Third in a series of articles offering a
glimpse behind the scenes at Dodger Stadium.
Dodger fans arrive notoriously late to the
game. It's usually well past the first pitch, if not into the
second inning, that they line up for food.
For years I avoided ballpark cuisine. My
daughter and I would arrive just as the gates opened and find
a comfy spot in the island of empty seats. We'd peacefully munch
gourmet sandwiches brought from home while sharing the sights
and sounds of batting practice.
Visiting the stadium alone as a reporter,
I somehow find the smell of hot dogs irresistible. As the fans
stream in from the parking lot, I take leave from another anemic
Dodger performance (the team would lose six of seven on the
week) and go in search of my favorite baseball treat.
The red hot. A spicy grilled hot dog nestled
in an incomparably limp but tasty ballpark bun.
What I found was that the name had changed
to a "Tex-Mex picante dog." And no one seemed to have it.
"We just don't sell much of them," says one
helpful kiosk manager. She has me wait while she calls a supervisor.
A vendor on the fifth level is located.
I ride up two escalators, take a sharp left,
ignore the plethora of name-brand junk food and make my way
to the deep blue-lit home of the Dodger dogs.
"You the guy who called?" asks the man behind
the counter. He says he's been selling dogs, beer, sodas and
ice cream for more than two decades. "We're about the only ones
who sell red hots anymore."
I buy a couple (actually, four) and we reminisce
about the uproar created by a former concessionaire who tried
to replace grilled hot dogs with the steamed variety.
"Dodger dogs have always been grilled," he
says with finality. "No one wants them to look like shriveled
prunes." The concessionaire's replacement reverted to grilled.
I ask more about the Dodger dog business.
How many are sold during a game? Where are they stored and cooked?
Is it true that the best Dodger dogs are secretly grilled in
beer by old-timers who know all the tricks?
He notices my press pass. "Say," he says,
"you aren't going to write about this, are you?" He seems genuinely
frightened. "I'm not supposed to talk to you!" A group of co-workers
comes up and hastily pulls him into the back.
Turns out, a cashier tells me, that food
service employees are not allowed to speak to the press. "You
have to see Arturo," she says. She points upstairs.

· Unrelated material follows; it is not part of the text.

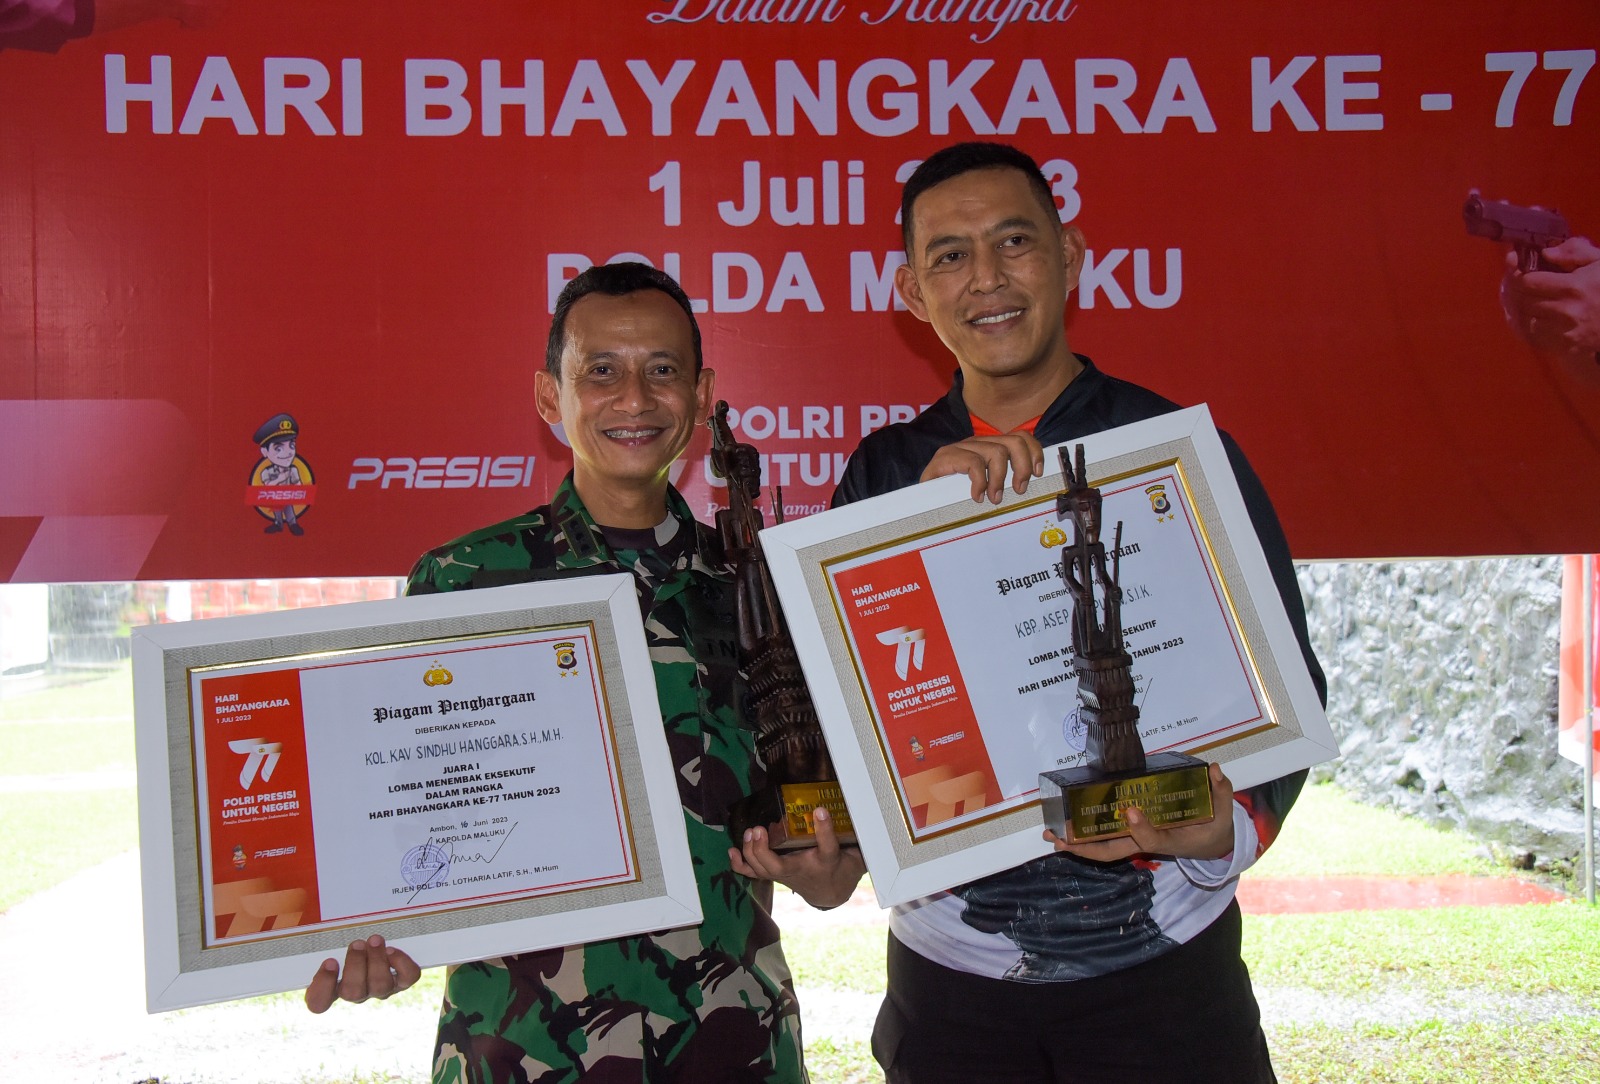 Asintel Kasdam XVI/Pattimura Juara Pertama Lomba Menembak Eksekutif Hari Bhayangkara ke 77

I go up to the eighth floor and find the
windowless cubbyhole where the food service elite resides. A
huge man stops me at the door. "I'd like to talk to Arturo,"
I explain (that's not his real name). "I want to do a piece
on Dodger dogs."
Arturo, who is sitting nearby, is suddenly
too busy to see me. I can call him later, he says. I do, and
he's tied up. I call again and this time it's an inventory crisis.
We make an appointment, but he misses it.
It's clear this is one conversation that
isn't going to happen.
All this takes place well after the Dodgers'
game against the Arizona Diamondbacks ends with a rare victory
(the Diamondbacks walk in the winning run in the ninth). For
now, I wind my way down the stadium's stairways and find an
empty seat to finish off my last two red hots.
I'm troubled, though, by the tension that
talking about hot dogs seems to produce. On the field, I can
see several players who have publicly attacked team management
or recklessly charged all of baseball with racism and the like.
Many have grotesquely postured for millions of dollars more
than a sizable chunk of this evening's crowd will ever earn
in their lifetimes.
They suffer no consequences. A counter clerk
with years of stories to tell about something as integral to
baseball as a Dodger dog, however, recoils in terror from the
very thought that he might say something that his employer won't
like. Even the Dodger dog's top dog ducks and covers from the
sight of a reporter.
It's a reminder, I guess, that for some,
a ballgame is just a job, and one that comes with some apparently
onerous corporate rules at that.
The inning ends, and I pack up the remains
of my meal. Somehow, the red hots just don't taste as good today.